Reporting Luke McKinney
Food festivals! That should be all anyone should have to say. A food festival should turn a city into the empty start of a zombie movie, because all the people have escaped their boring lives to feast on flesh. The entire point of building cities was gathering everyone together so that the food-bringers could get closer to all the less useful people.
Food festivals are better than Christmas, because everyone there is better than Santa: you don’t have to wait, or be good, and they always give you exactly what you ask for–and if you do get coal, you can use it to roast meat. These orgies of the olfactory are how we celebrating winning at nature so hard that for us a “food chain” isn’t animals which can eat us, but a global network of buildings dedicated to us eating them.

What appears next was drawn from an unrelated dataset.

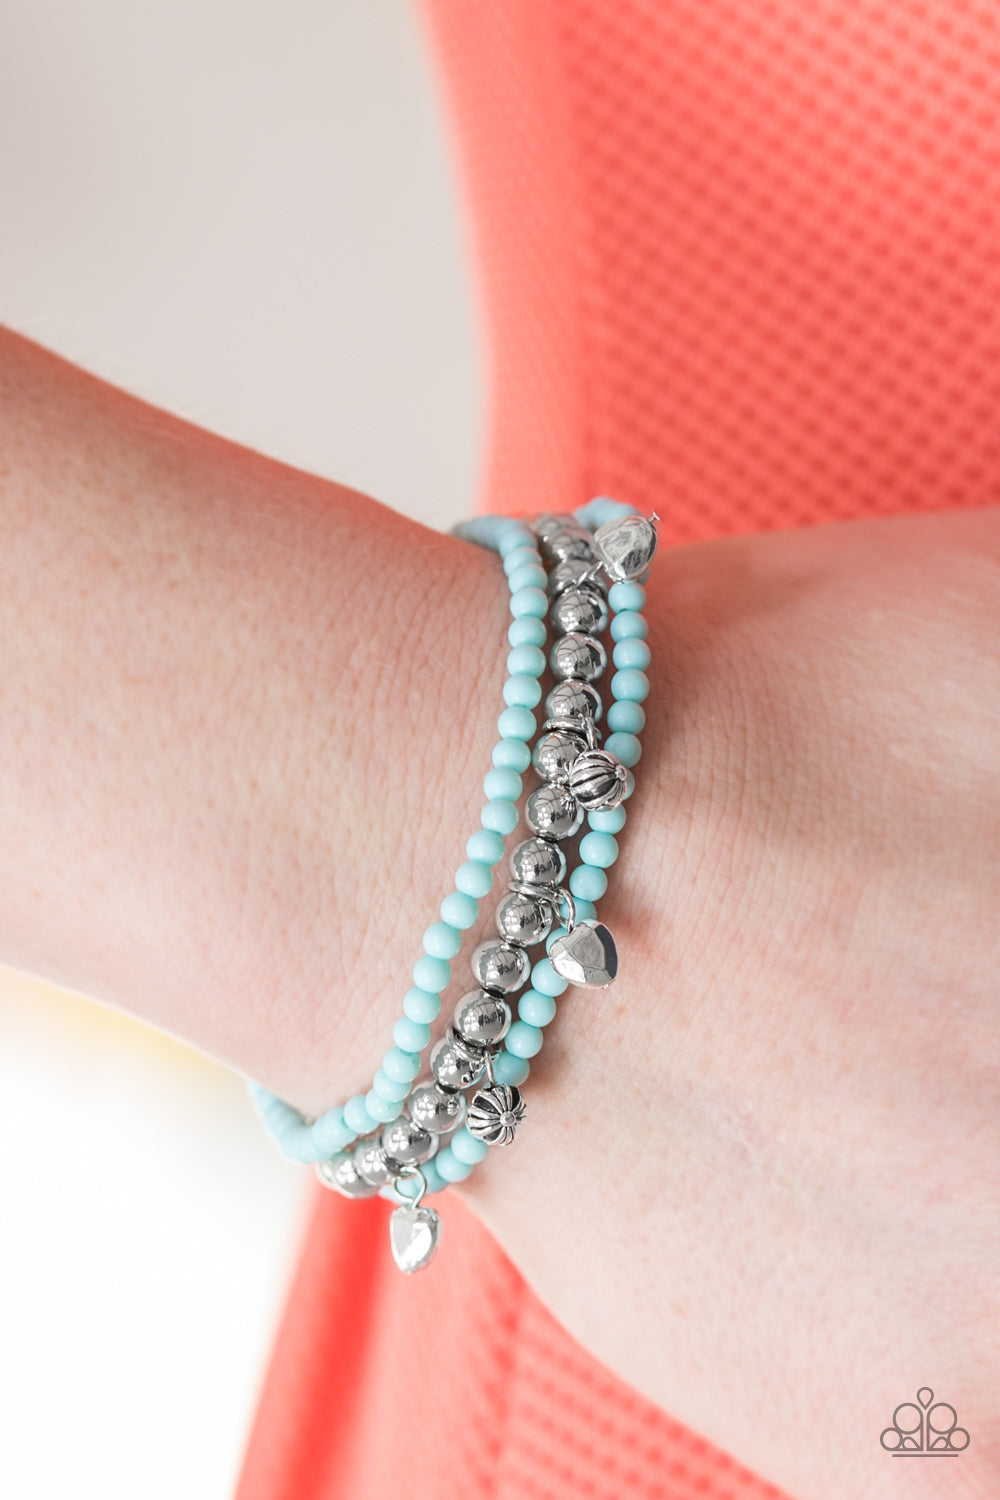 Paparazzi Springtime Sweethearts - Blue - Silver Beads - Set of 3 Stretchy Bracelets - $5 Jewelry With Ashley Swint

We’ve reached the stage in human progress when prominently staked ribcages in full public view is a good thing for approaching strangers.

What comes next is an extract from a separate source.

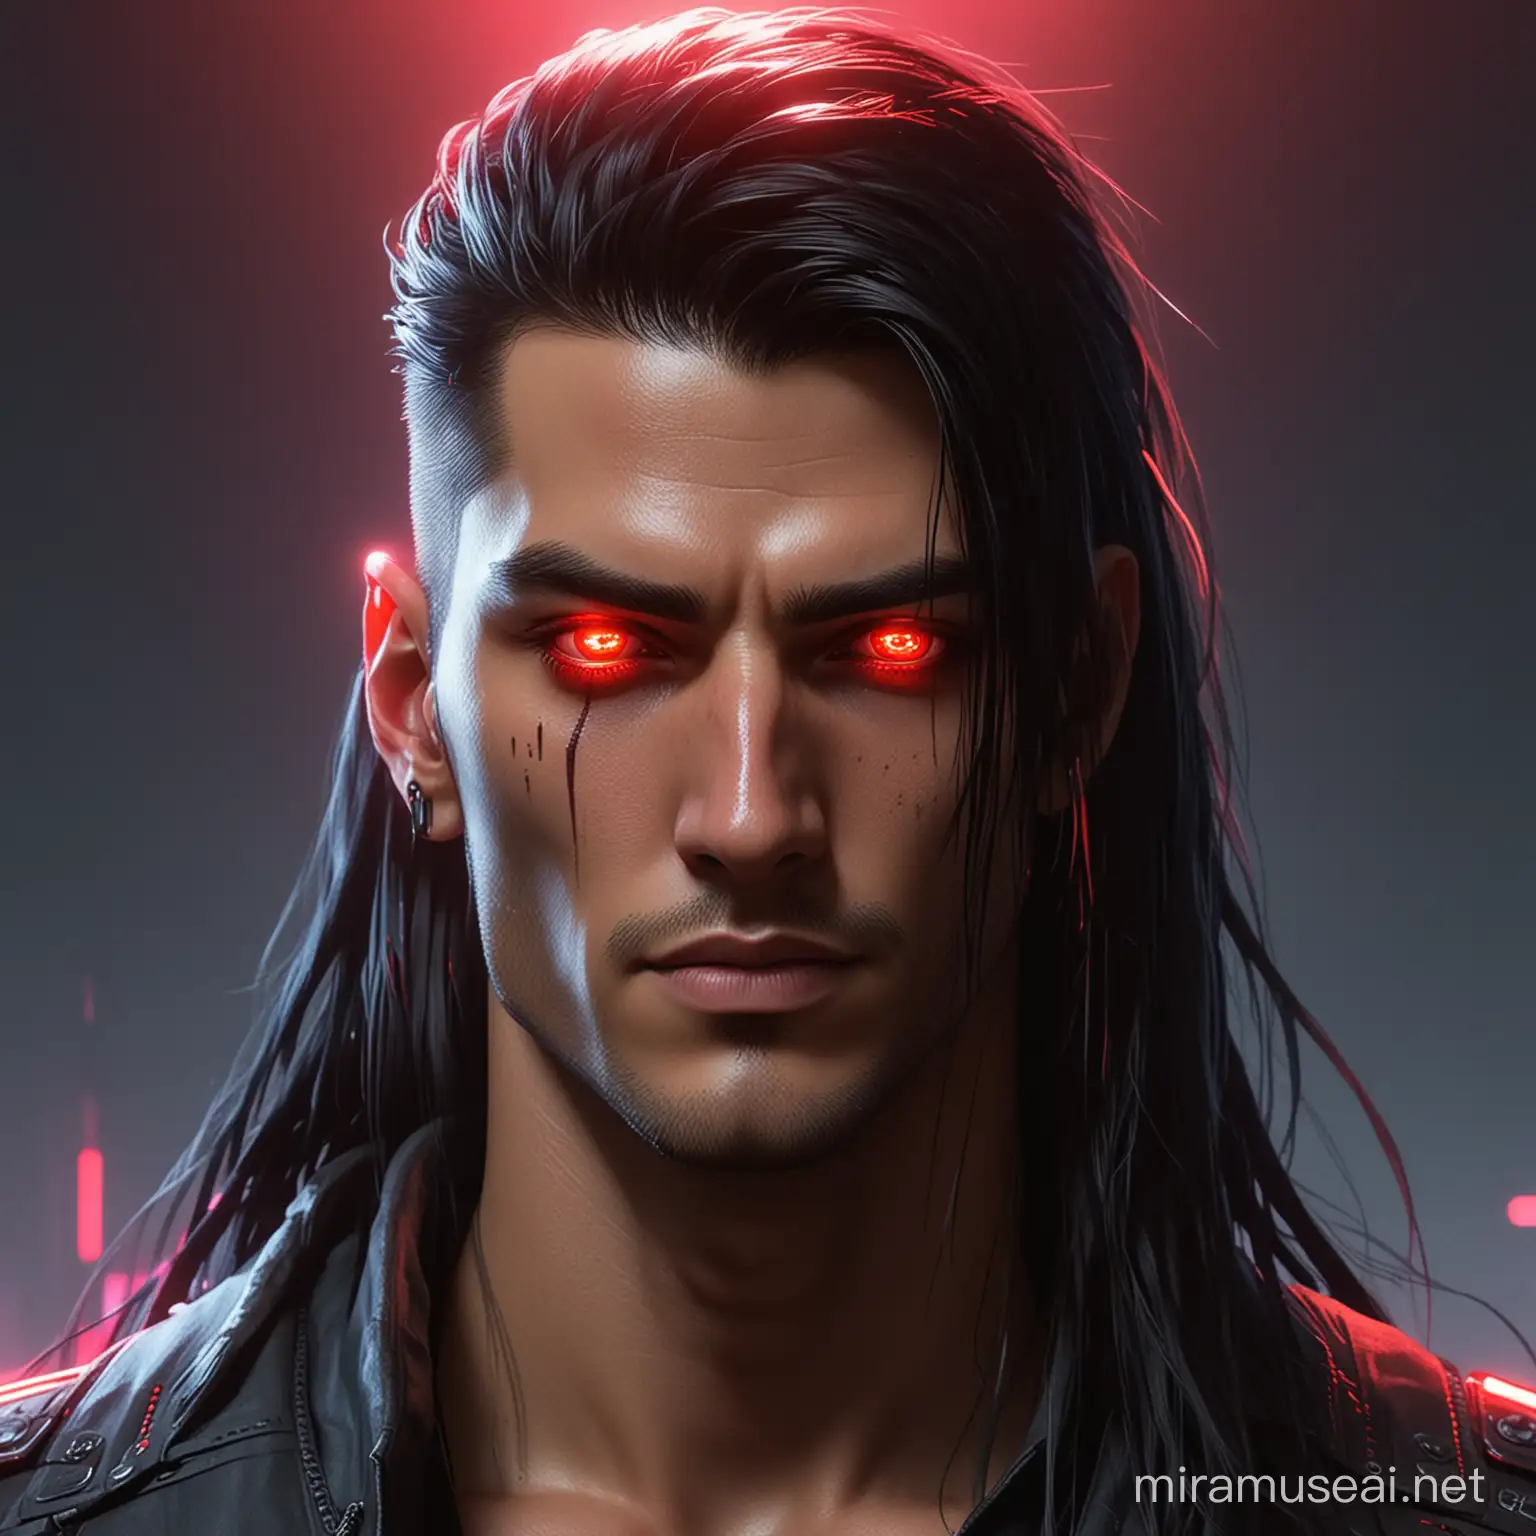 Imposing Cyberpunk Man with Neon Red Eye

Food festivals are where eating finally catches up with the other indulgences. A night out automatically implies a range of interesting drinks, and also allows you to indulge other biological urges. (So does a night in, thanks to liquor stores and the the intenet). But too many people still treat food as a chore, or an unpleasant medical procedure: a biological need to be dealt with as quickly as possible.
Food is pure contentment. The meaning of life is to stay alive, and food is the most rewarding of the vital requirements. Water simply ends thirst, and reproductive sex is only the start of a whole host of extra jobs, but good food flips the soul switch marked “everything is fine.” A steak sandwich confers more and deeper well meaning than a decade meditating in a monastery. Because monks are all vegetarian. A kebab skewer of Turkish spiced pepperoni is how salt says it loves you. A shot glass of pure chocolate is molten joy.
Food is the most fundamental truth of life, and food festivals reveal all advertising BS for the lies they are. The “Health food” companies in attendance look like cardboard cutouts in a swimsuit competition. You should be suspicious of any food whose main advertising point isn’t how good it is to eat. The food festival reveals the health shills for the buzzworders they truly are, booths of banners and words wedged between mountains of food, the fixed grins of marketers looking weak and stressed between jolly butchers and bakers.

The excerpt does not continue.